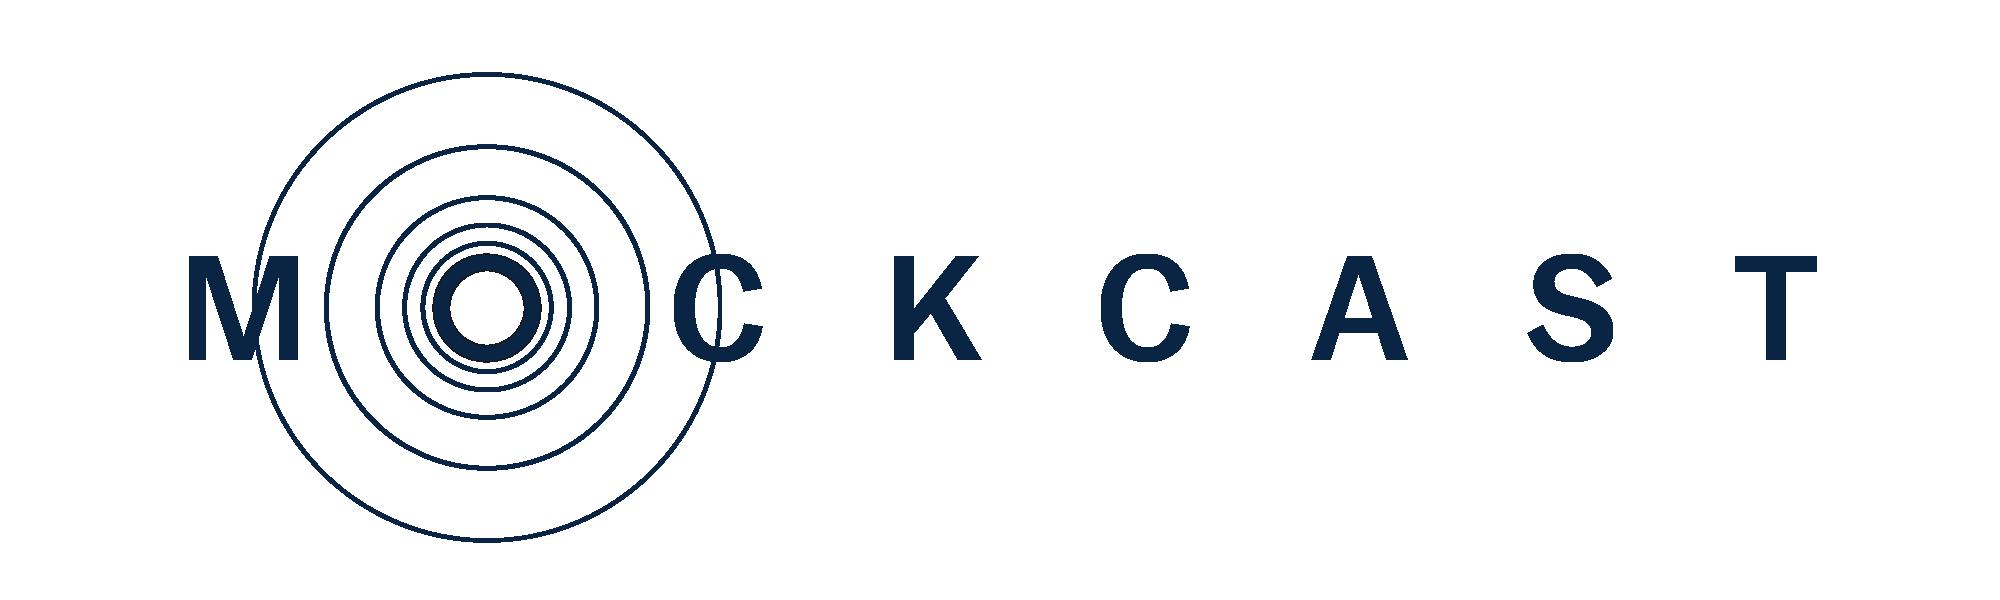 MockCast Logo Hero Circles.png
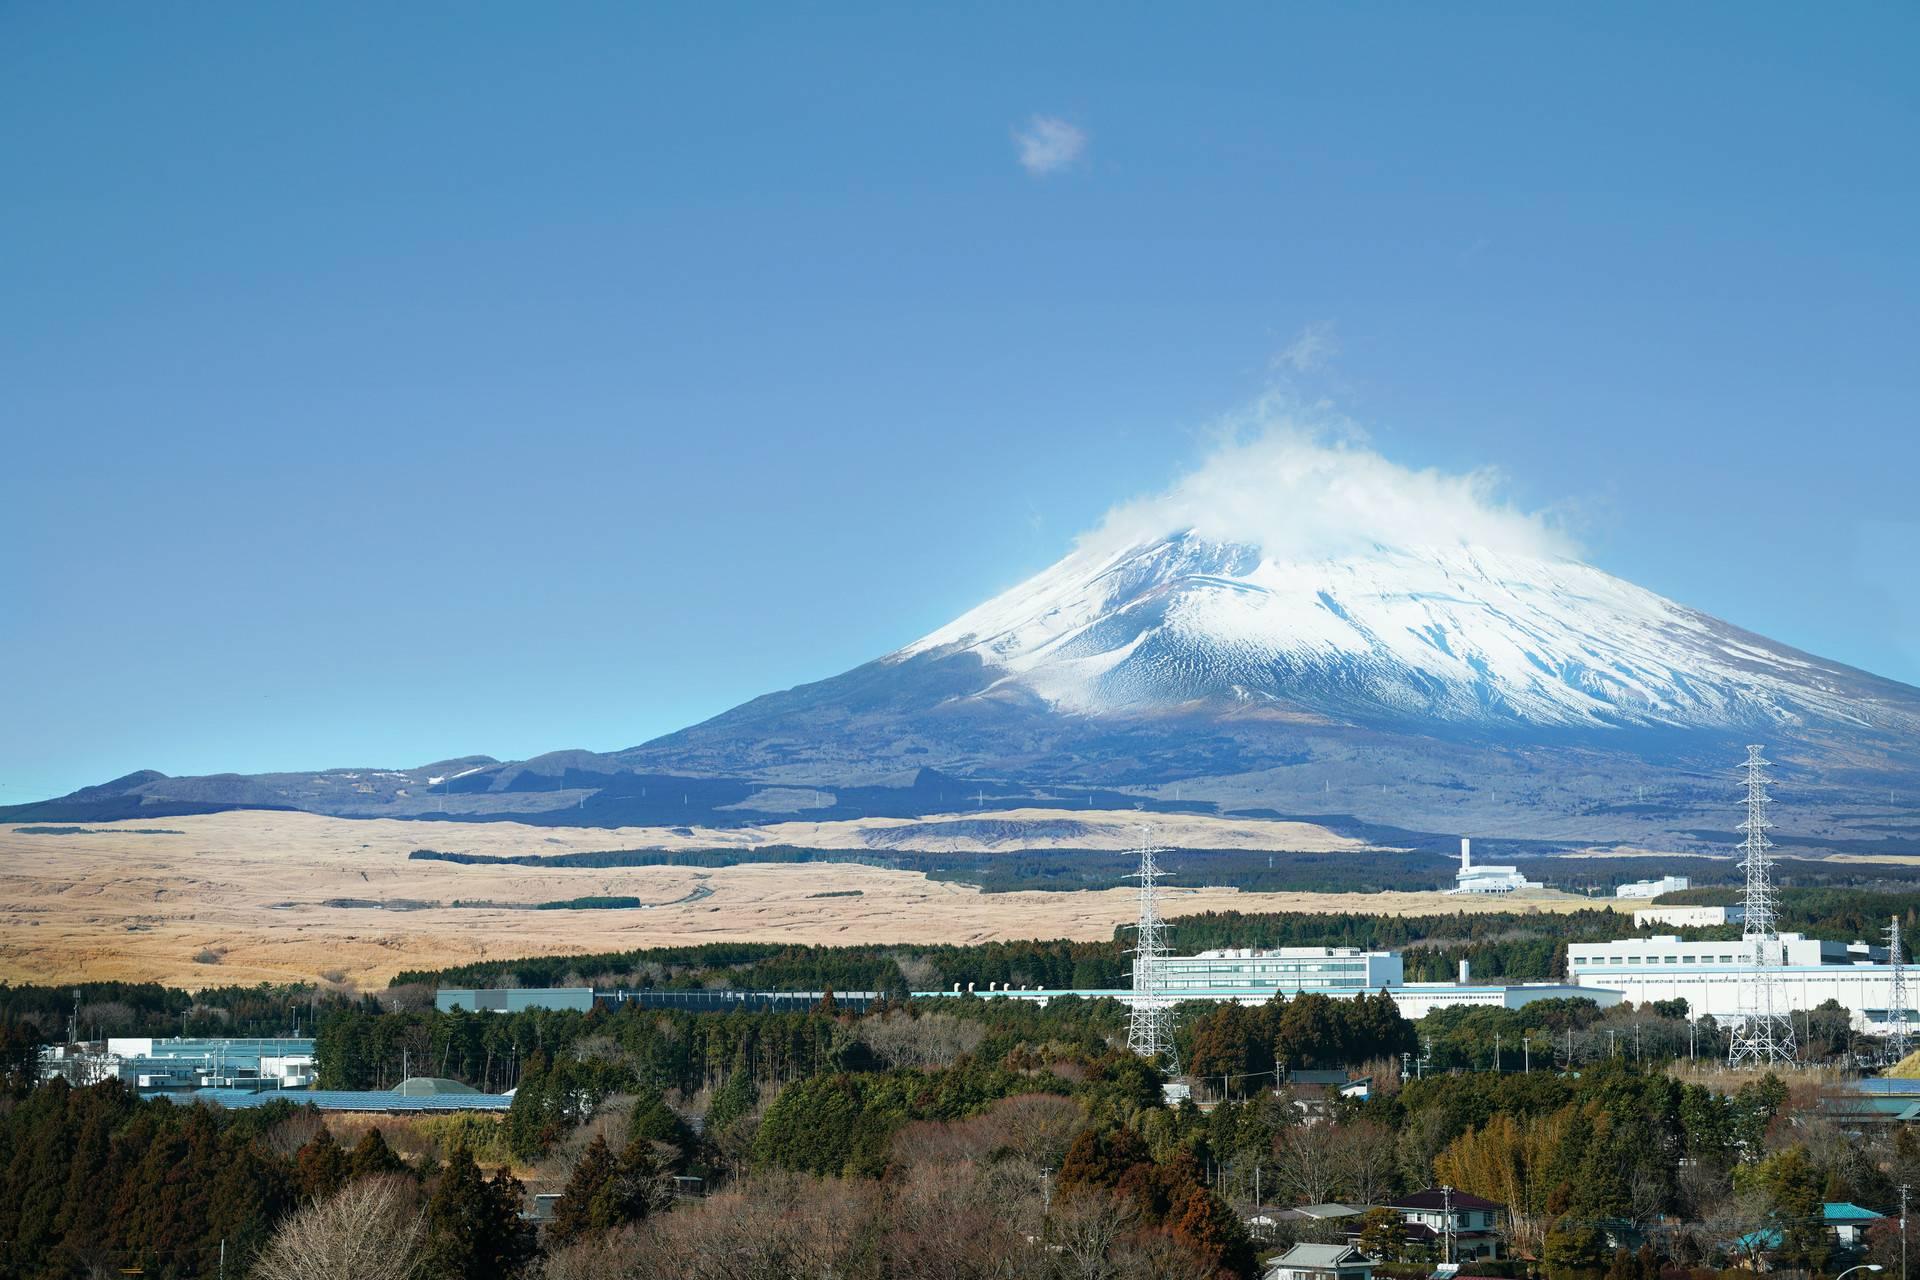 【枫中奇遇】日本·东京+富士山·5+1天半自由行
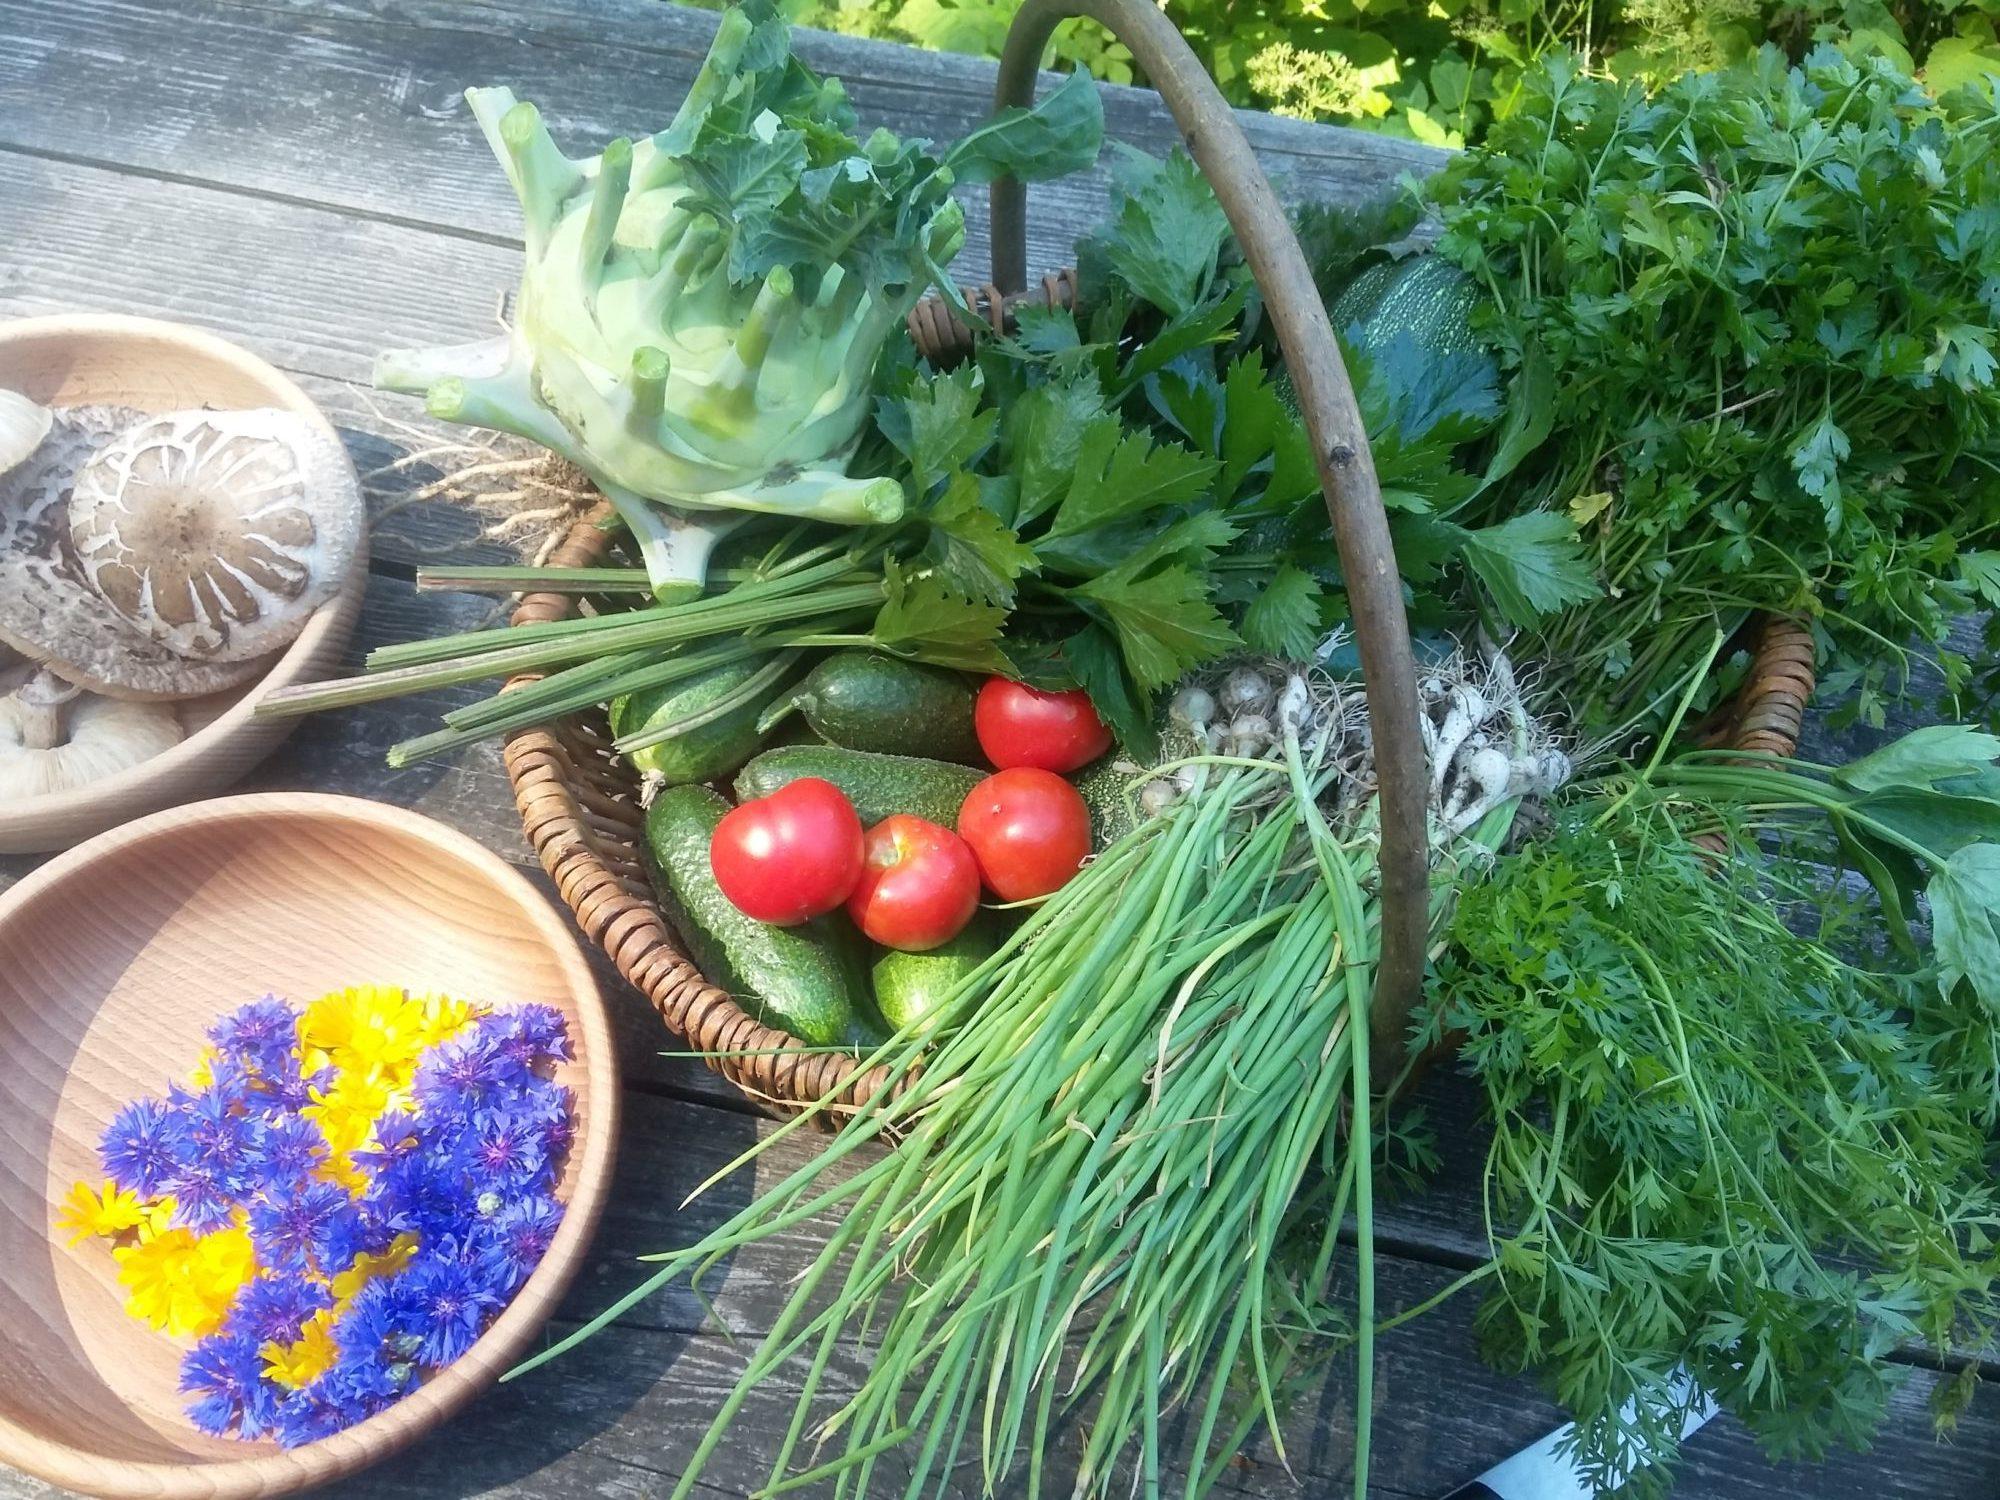 zelenina úroda ze záhonů

Task item >> The lines above must be transcribed exactly, with every picture left out.

Response to the task >>
 MockCast Logo Hero Circles.png
 【枫中奇遇】日本·东京+富士山·5+1天半自由行
 zelenina úroda ze záhonů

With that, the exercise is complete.